One of their goals was to depict several different types of enslavement. Seymour described her character as "a strong, willful woman [who] fought against being enslaved by the man she fell in love with and married. When she saw slavery on his plantation, she fought against that, too." Actor Keith Carradine, one of Keach's good friends, was cast as Fanny's husband. Keach also directed, yet another such collaboration between him and his wife. The film was shot mostly in Canada.

==Reception==
On April 23, 2000, Enslavement: The True Story of Fanny Kemble premiered on the American television network Showtime. It received generally negative reviews from film and television critics. TV Guides Robert Pardi critiqued Seymour's performance for "lack[ing] the emotional depth that might have transformed the fustian presentation of this material. Instead of giving a nuanced performance, Seymour seems content to impress viewers with her poised demeanor as she sullies her hoopskirts in the cause of freedom." David Kronke of the Los Angeles Daily News criticized Enslavement for lacking subtlety and opined that it "can't decide whether it's a story about race or just a standard-issue bodice-ripper." Writing for the New York Daily News, David Bianculli blamed the screenwriter for the film's faults, explaining that "Lofton writes dialogue that sounds like unvarnished tracts from an 'author's message' manifesto – and in Seymour's Kemble, he has created a character so noble and modern-thinking she makes Dr. Quinn, Medicine Woman look like a backwoods savage." Tom Jicha of the Sun-Sentinel faulted the film for being riddled with "cliched scenes of plantation atrocities" that "frequently cross the line between realism and titillation," such as an early scene in which a black couple are attacked for having sex.
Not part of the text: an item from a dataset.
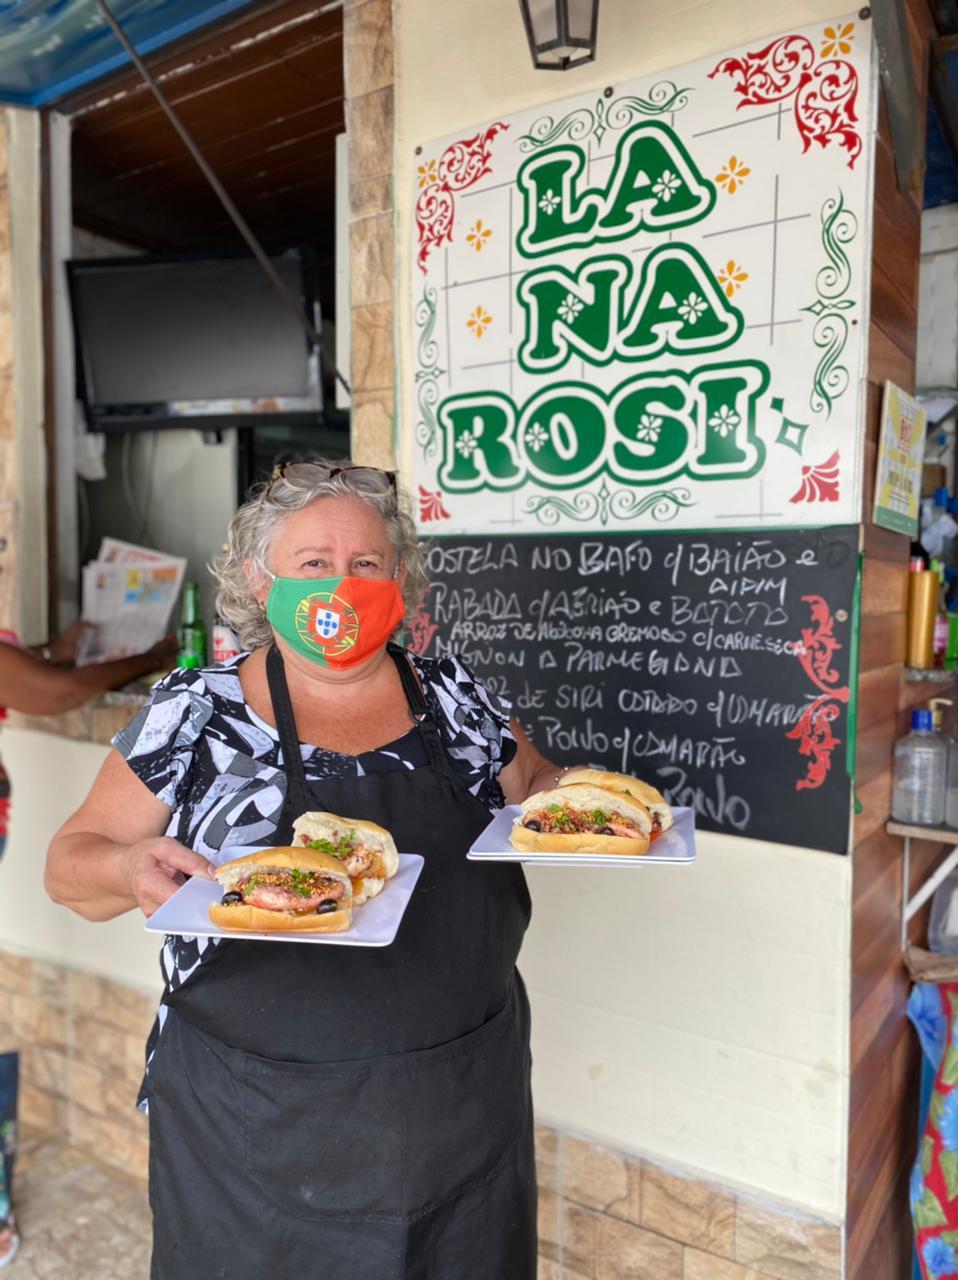 Rosi e seu hot dog de polvo: coisa de louco no quiosque da beira do mangue

The historical accuracy of the film has also been a source for complaint. In his book Echoes of War: A Thousand Years of Military History in Popular Culture, Michael C. C. Adams cited Enslavement as an example of a movie that claims historical accuracy while "gratuitously and radically distorting" the truth. The Seattle Times negatively reviewed the film for "exaggerating and sensationalizing" Kemble's life, while Michael Kilian of the Chicago Tribune criticized the portrayal of John Quincy Adams as a racist. Kilian did however commend it for depicting the "horrors of slave life on a sea island plantation [as] every bit as compelling as those contained in the journal Kemble kept and later published in England during the Civil War – a book that helped turn British public opinion against recognition of the South."

Despite its negative reception, the film received several nominations. Composer Charles Bernstein earned a Primetime Emmy Award nomination for Outstanding Music Composition for a Miniseries, Movie, or a Special. The Art Directors Guild gave a nomination for Excellence in Production Design for a Television Movie or Mini-Series to production designer Eric Fraser and art director Astra Burka. Akinnuoye-Agbaje received a nomination for Best Supporting Actor in Network/Cable at the 2001 Black Reel Awards.